I am brewing with a grain father G30 and fermenting in a fermzilla under about 10 PSI of pressure. The fermenter is temperature controlled so never more than .5 degrees c from target.

The water is RO using a 3 stage RO unit Compact 3-Stage Reverse Osmosis 50-Gallons-Per-Day (185 Litres) Fish & Aquarium Water Filter System (i do have the 4th stage with DI-Resin, but read mixed reviews so recently stopped using it)

For the Gamma ray clone, I added the following water additives at mash:
  • Calcium Chloride: 4g
  • Epsom: 5g
  • Gypsum: 5g
The mash had a PH of 5.2

It was dry hoped for 4 days prior to kegging at about 20 degrees, then cold crushed in its serving keg (it’s the only way I can cold crush) , the keg has a float instead of a dip tub, so serving from the top not the bottom of the keg.

I also have a hop missile (hop rocket clone) and used this instead of whirlpooling in previous brews and used it as an inline hop infuser once with 100G of Columbus leaf hops, and neither really add any hop flavours.

Any suggestion of what I am doing wrong or can try to bring out more (or any) hop aromas?

Thanks

Pete
 
It kooks like you are using a brewing ingredient kit? If so, they are buying the hops in bulk and re-packaging them?
Who knows how the hops were/handled stored? Keep your hops in the freezer and as sealed up as you can.
If your beer is lacking aroma and you are using a large amount of hops, it could be because the hops aren't fresh.
Here's the hop schedule from the above brew:

THE BOIL
Boil time (mins): 60

Additions and timing:

7 g (39 IBU) — Columbus 15.8% — Boil — 60 min
8 g (1 IBU) — Amarillo 8.4% — Aroma — 10 min hopstand @ 80 °C
8 g (2 IBU) — Bravo 13.2% — Aroma — 10 min hopstand @ 80 °C
8 g (2 IBU) — Mosaic 11.8% — Aroma — 10 min hopstand @ 80 °C
8 g (2 IBU) — Columbus 15.8% — Aroma — 10 min hopstand @ 80 °C

Secondary additions and timing:

52 g — Citra 13.5% — Dry Hop
42 g — Amarillo 8.4% — Dry Hop
16 g — Calypso 6.2% — Dry Hop

Here's the brewer's description of the beer:
The concept was to create a juicy tropical beer. A brew you can sit on and drink all day, rammed with juicy malts and huge tropical aromas of mango and grapefruit. Massive additions of whole leaf American hops are added in ever increasing numbers at the end of the boil giving huge hop flavour. The beer is then dry hopped for days, driving the punchy aromas so you can smell it from miles away!

So how does your beer compare with the commercial version?

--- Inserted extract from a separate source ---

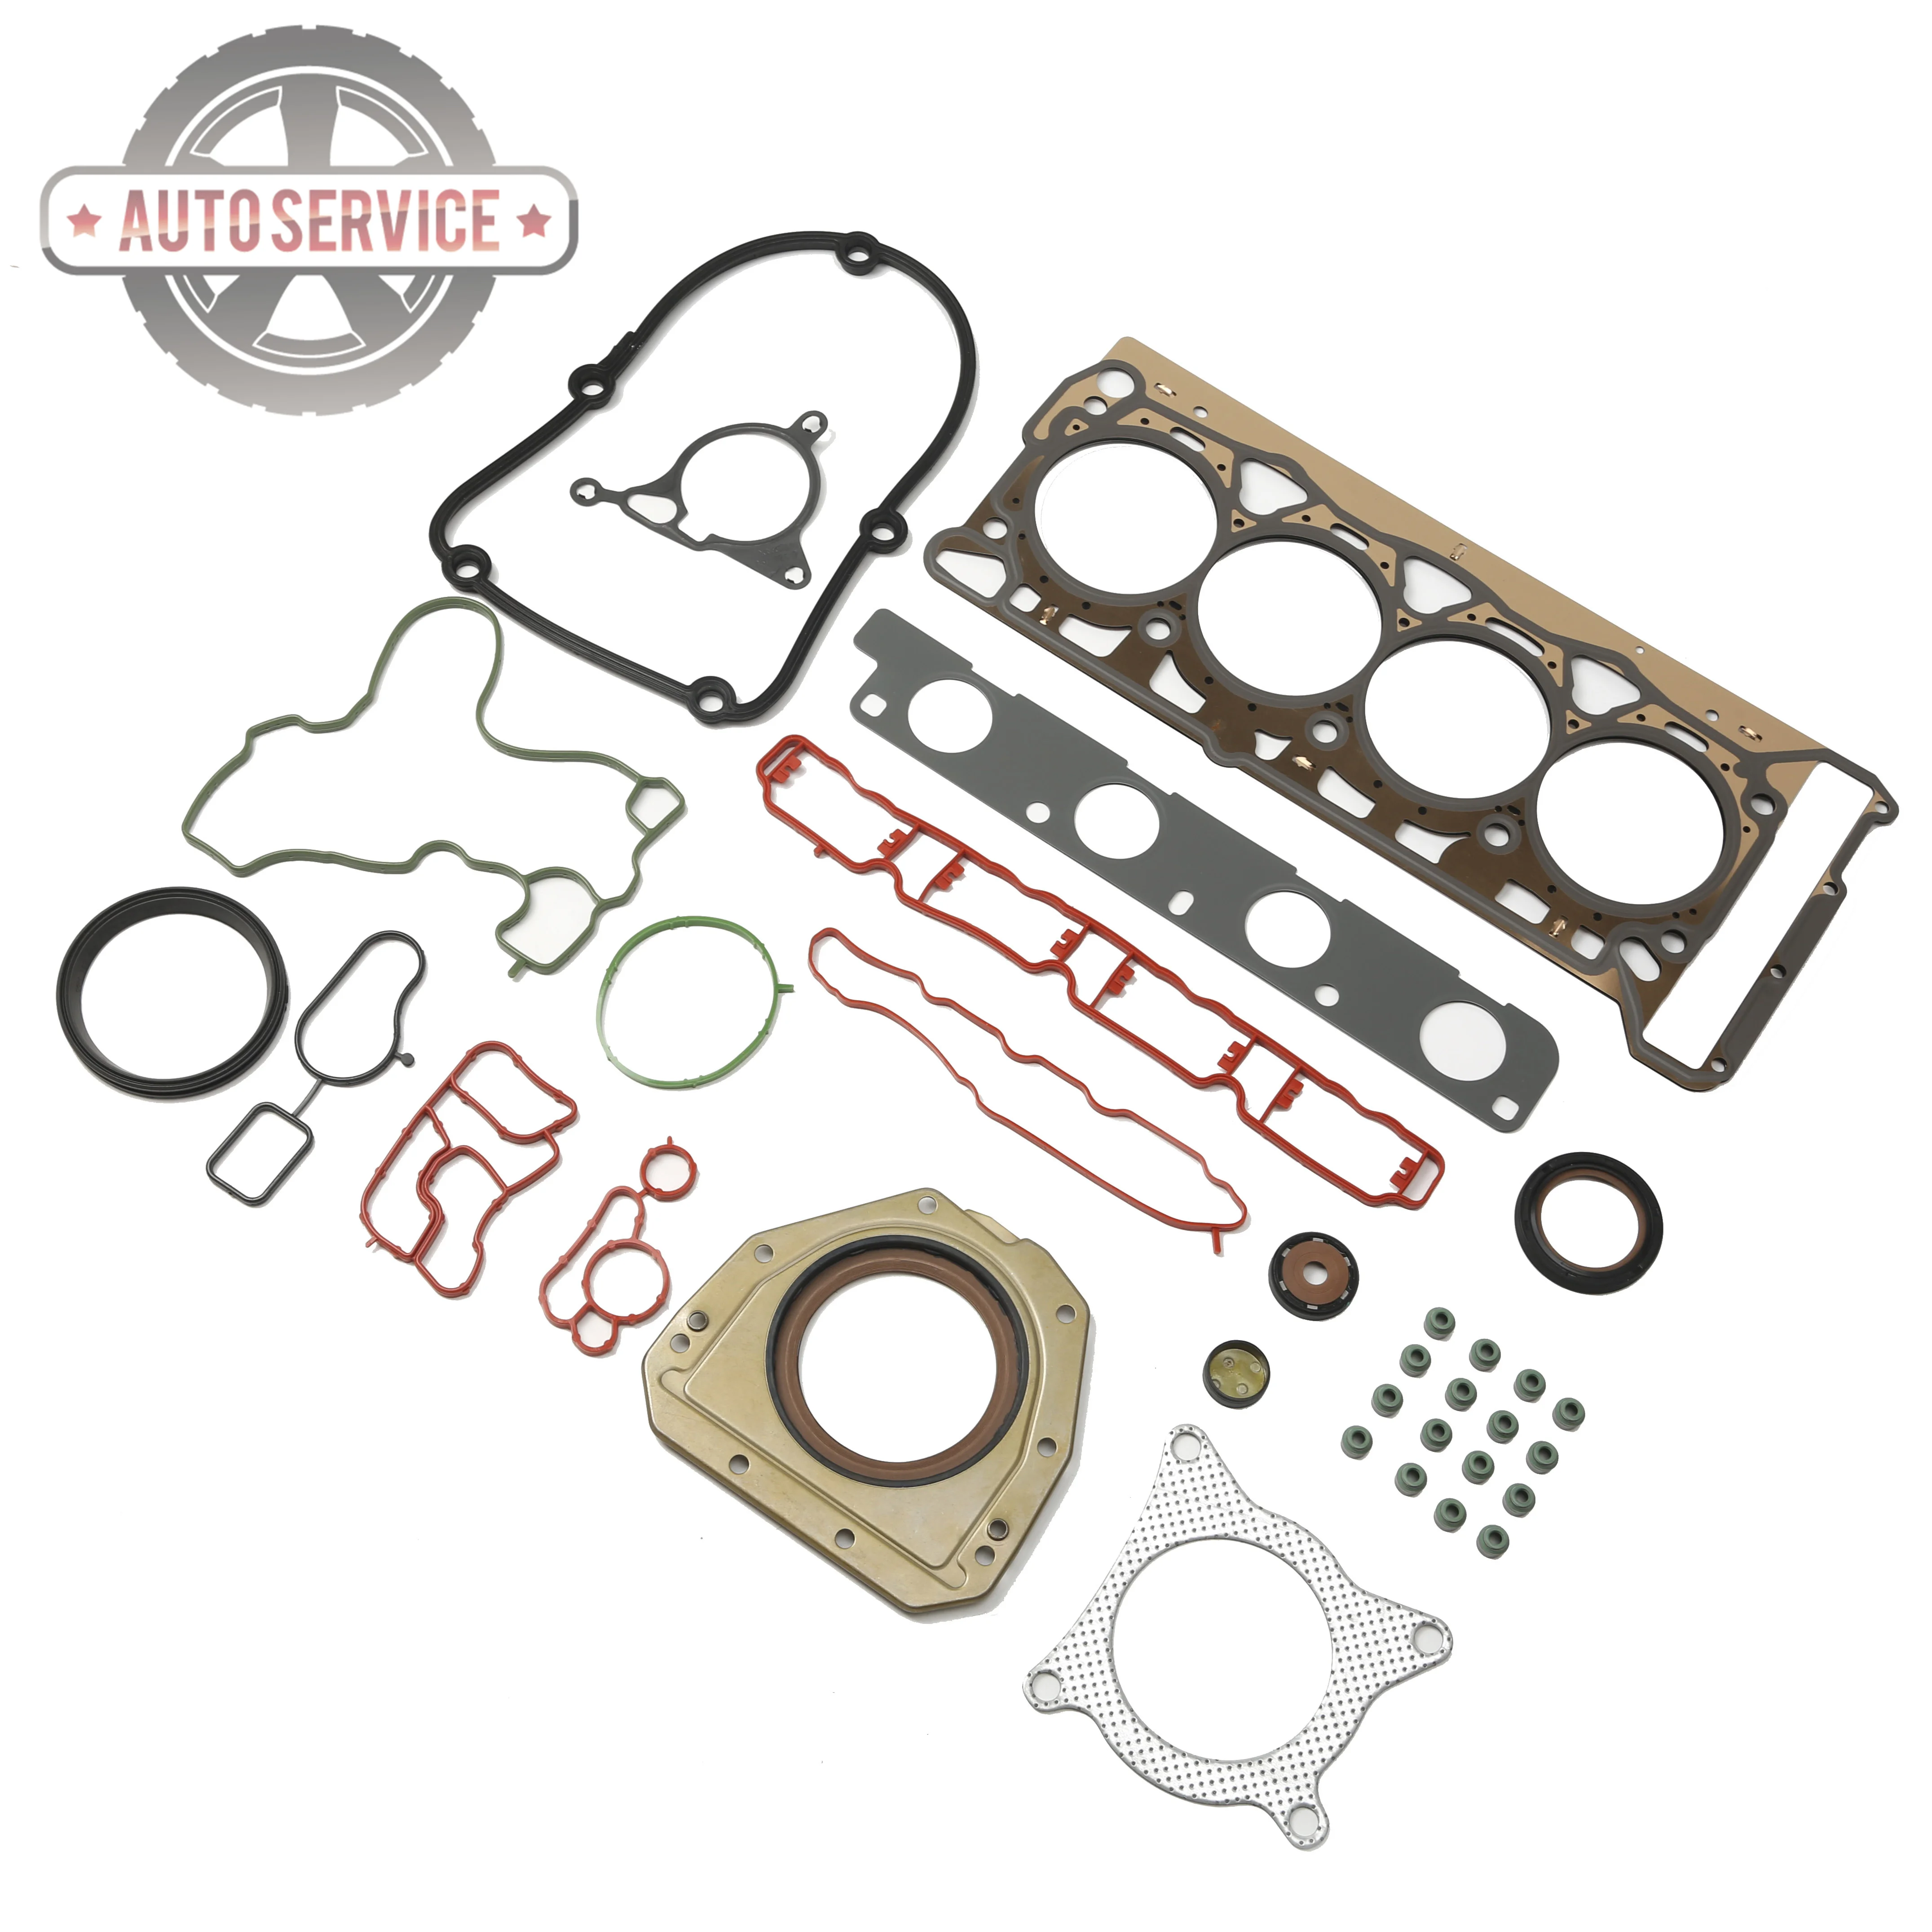 NEW 06J 103 383 D Engine Cylinder Head Gasket Oil Seal Repair Kit For VW Golf Passat Audi A4 A6 Q5 EA888 2.0TFSI 16V 06J103383D

The above beer has a lot of hops in it, but its not a standard IPA, it looks like a NEIPA, which is more about hop flavors than hop bitterness.
Also, if you want to be frugal, that charge of Citra, Amarillo and Calypso dry hops can be saved and used in the boil of a simple pale ale.

If you really want to get into NEIPA's check out this podcast on Basic Brewing Radio, where the brewer did many re-brews to get where he wanted:
https://hwcdn.libsyn.com/p/4/6/5/46...26605864&hwt=5103c2700392b04befedaaeb95c207d9
 
Thanks for the response, " So how does your beer compare with the commercial version? " It tastes like a bland version of the real thing.

I am not sure if it is due to hop freshness, as the hop blandness is a common character on all my beers and I have used 3 big UK suppliers to rule out a supplier issue, and all have the same results. So it could be hop freshness, but it means all 3 suppliers are selling less than fresh hops.

I am un able to keep the hops in a freezer, so they live is vacuum sealed bags in the fridge. They don't really sit around for long, they are typically used pretty quickly.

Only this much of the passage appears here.